Reputation: 6260
super simliar to this post: ValueError: 'balanced_accuracy' is not a valid scoring value in scikit-learn
I am using:
scoring = ['precision_macro', 'recall_macro', 'balanced_accuracy_score']
clf = DecisionTreeClassifier(random_state=0)
scores = cross_validate(clf, X, y, scoring=scoring, cv=10, return_train_score=True)
And i receive the error:
ValueError: 'balanced_accuracy_score' is not a valid scoring value. Use sorted(sklearn.metrics.SCORERS.keys()) to get valid options.
I did the recommended solution and upgraded scikit (in the enviornment):
When I check the possible scorers:
sklearn.metrics.SCORERS.keys()
dict_keys(['explained_variance', 'r2', 'max_error', 'neg_median_absolute_error', 'neg_mean_absolute_error', 'neg_mean_squared_error', 'neg_mean_squared_log_error', 'neg_root_mean_squared_error', 'neg_mean_poisson_deviance', 'neg_mean_gamma_deviance', 'accuracy', 'roc_auc', 'roc_auc_ovr', 'roc_auc_ovo', 'roc_auc_ovr_weighted', 'roc_auc_ovo_weighted', 'balanced_accuracy', 'average_precision', 'neg_log_loss', 'neg_brier_score', 'adjusted_rand_score', 'homogeneity_score', 'completeness_score', 'v_measure_score', 'mutual_info_score', 'adjusted_mutual_info_score', 'normalized_mutual_info_score', 'fowlkes_mallows_score', 'precision', 'precision_macro', 'precision_micro', 'precision_samples', 'precision_weighted', 'recall', 'recall_macro', 'recall_micro', 'recall_samples', 'recall_weighted', 'f1', 'f1_macro', 'f1_micro', 'f1_samples', 'f1_weighted', 'jaccard', 'jaccard_macro', 'jaccard_micro', 'jaccard_samples', 'jaccard_weighted'])

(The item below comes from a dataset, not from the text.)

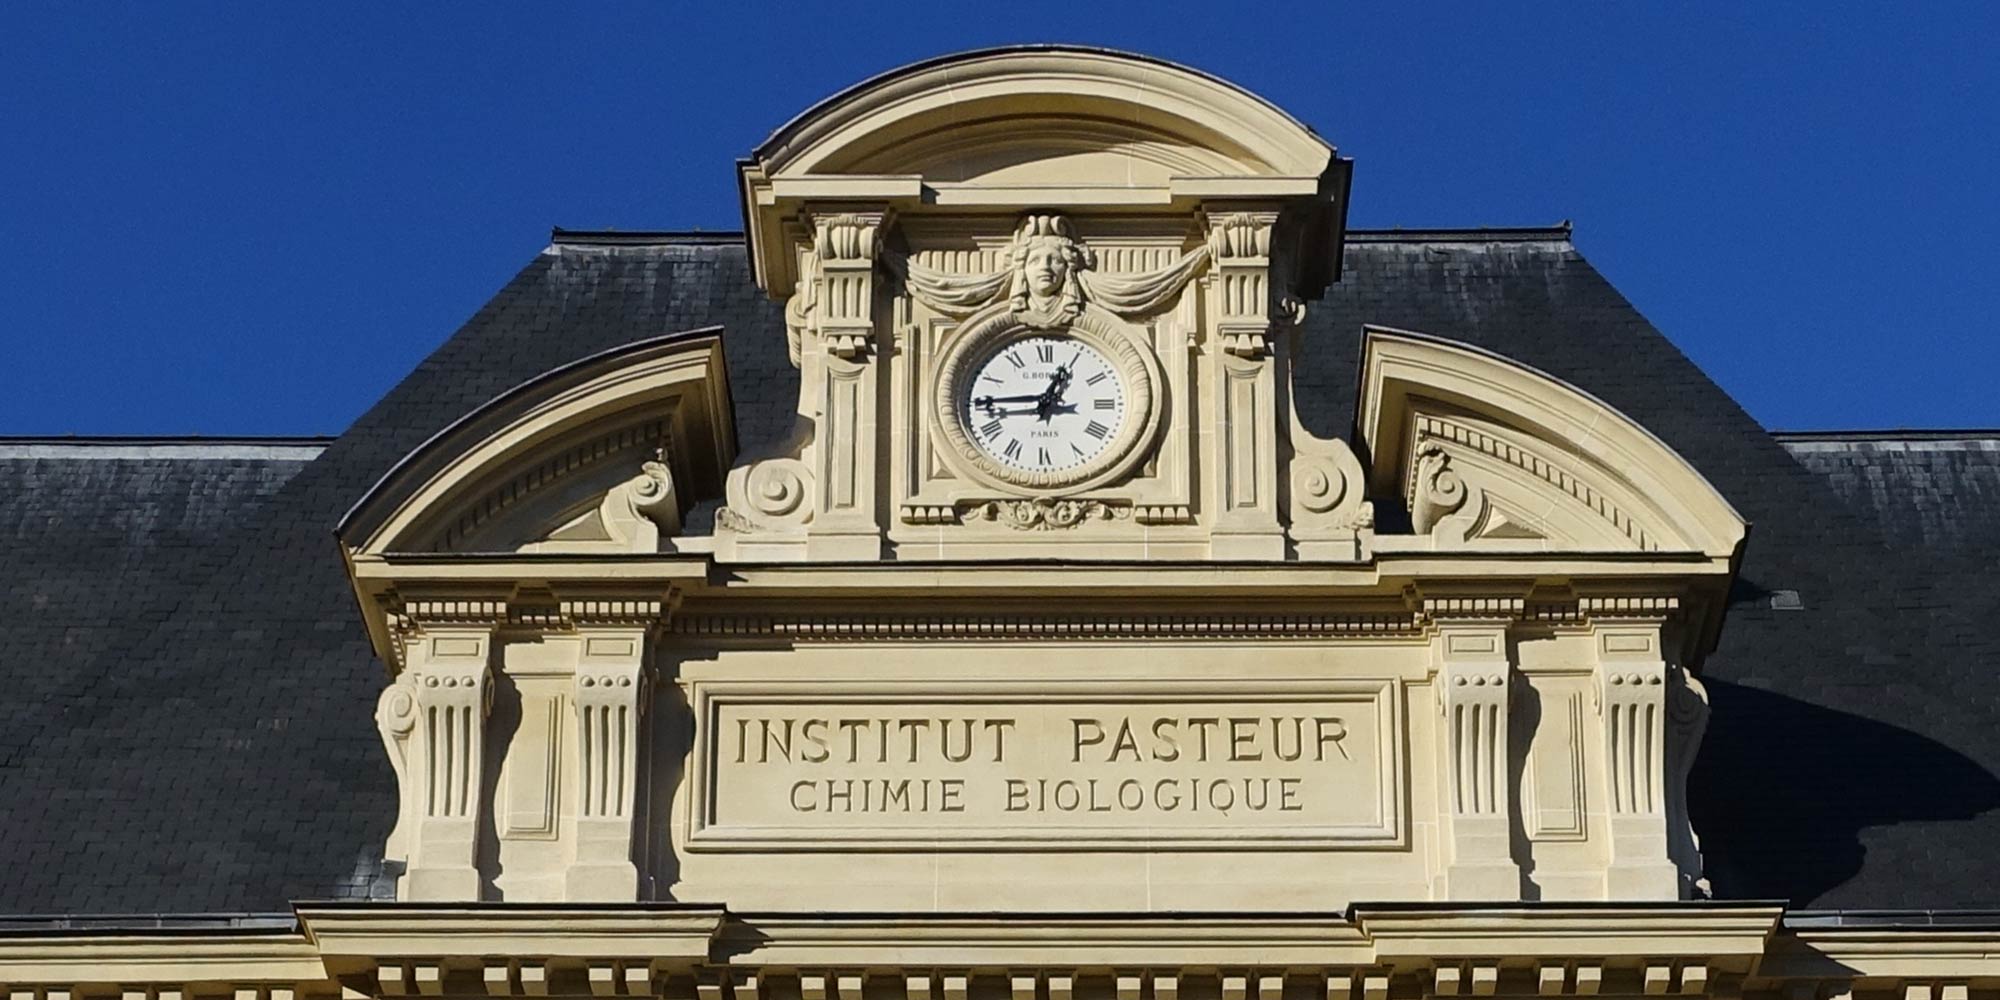 Photo de l'horloge de la façade du bâtiment historique dans le cadre du du projet de réhabilitation de l'institut Pasteur à Paris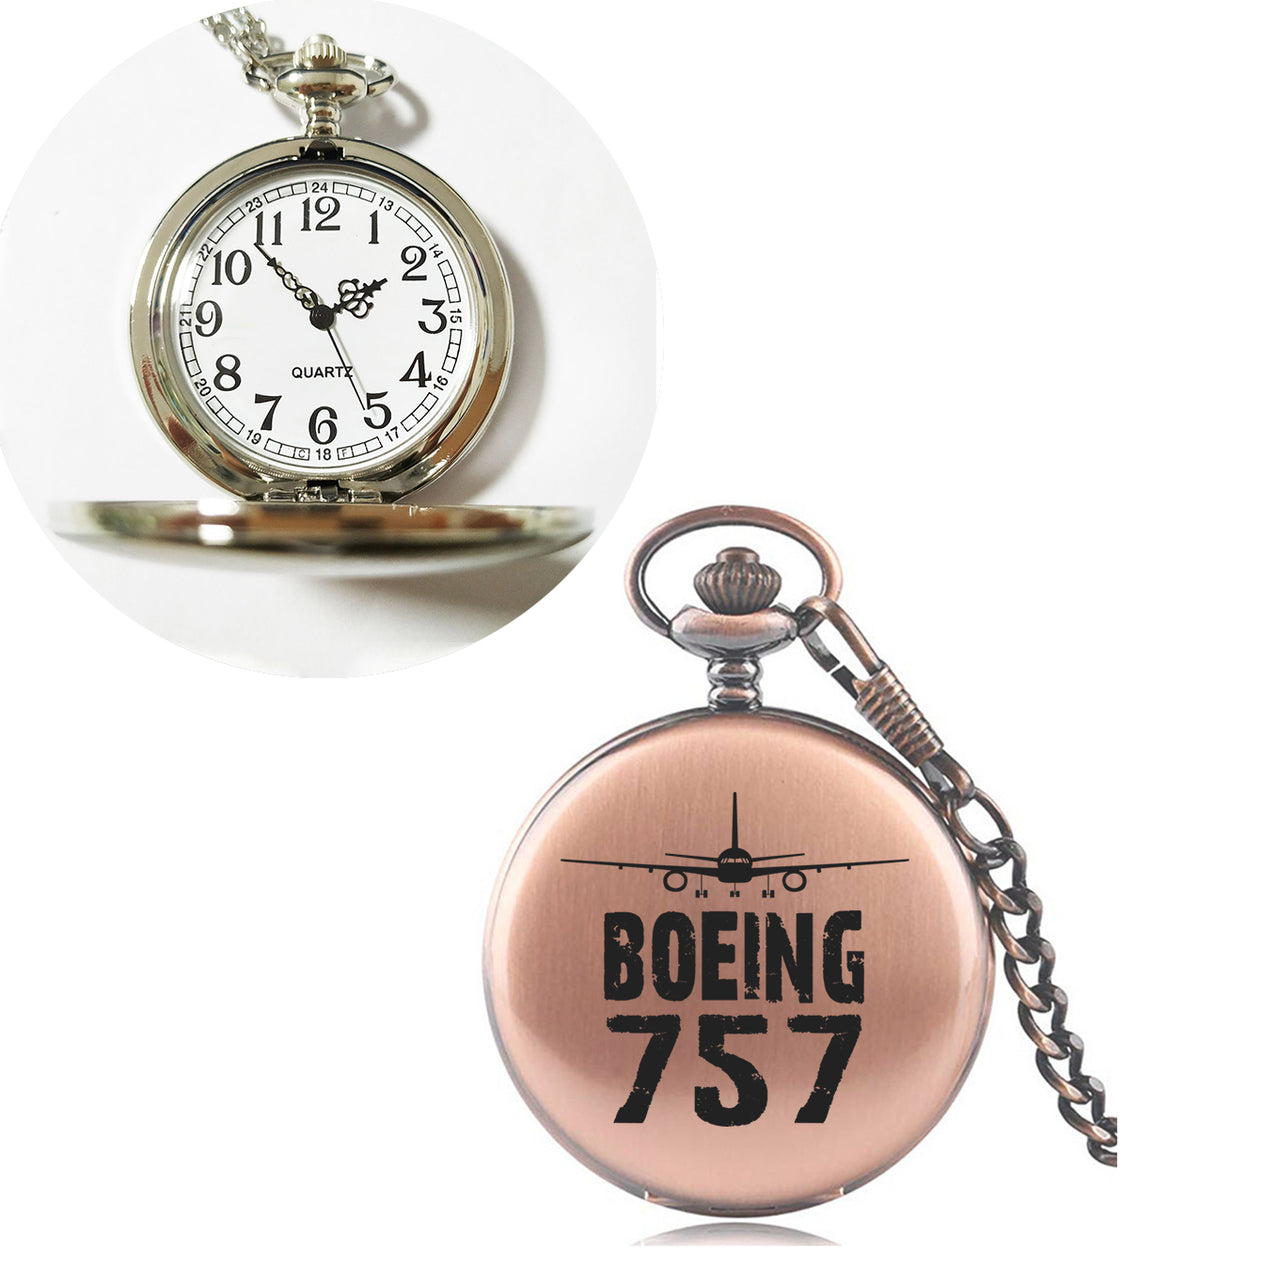 Boeing 757 & Plane Designed Pocket Watches

I can stil not find it? Where is the problem?
Upvotes: 5
Views: 5860
Reputation: 8187
According to the docs for valid scorers, the value of the scoring
parameter corresponding to the balanced_accuracy_score
scorer function is "balanced_accuracy"
as in my other answer:
Change:
scoring = ['precision_macro', 'recall_macro', 'balanced_accuracy_score']
to:
scoring = ['precision_macro', 'recall_macro', 'balanced_accuracy']
and it should work.
I do find the documentation a bit lacking in this respect, and this convention of removing the _score
suffix is not consistent either, as all the clustering metrics still have _score
in their names in their scoring
parameter values.
Upvotes: 7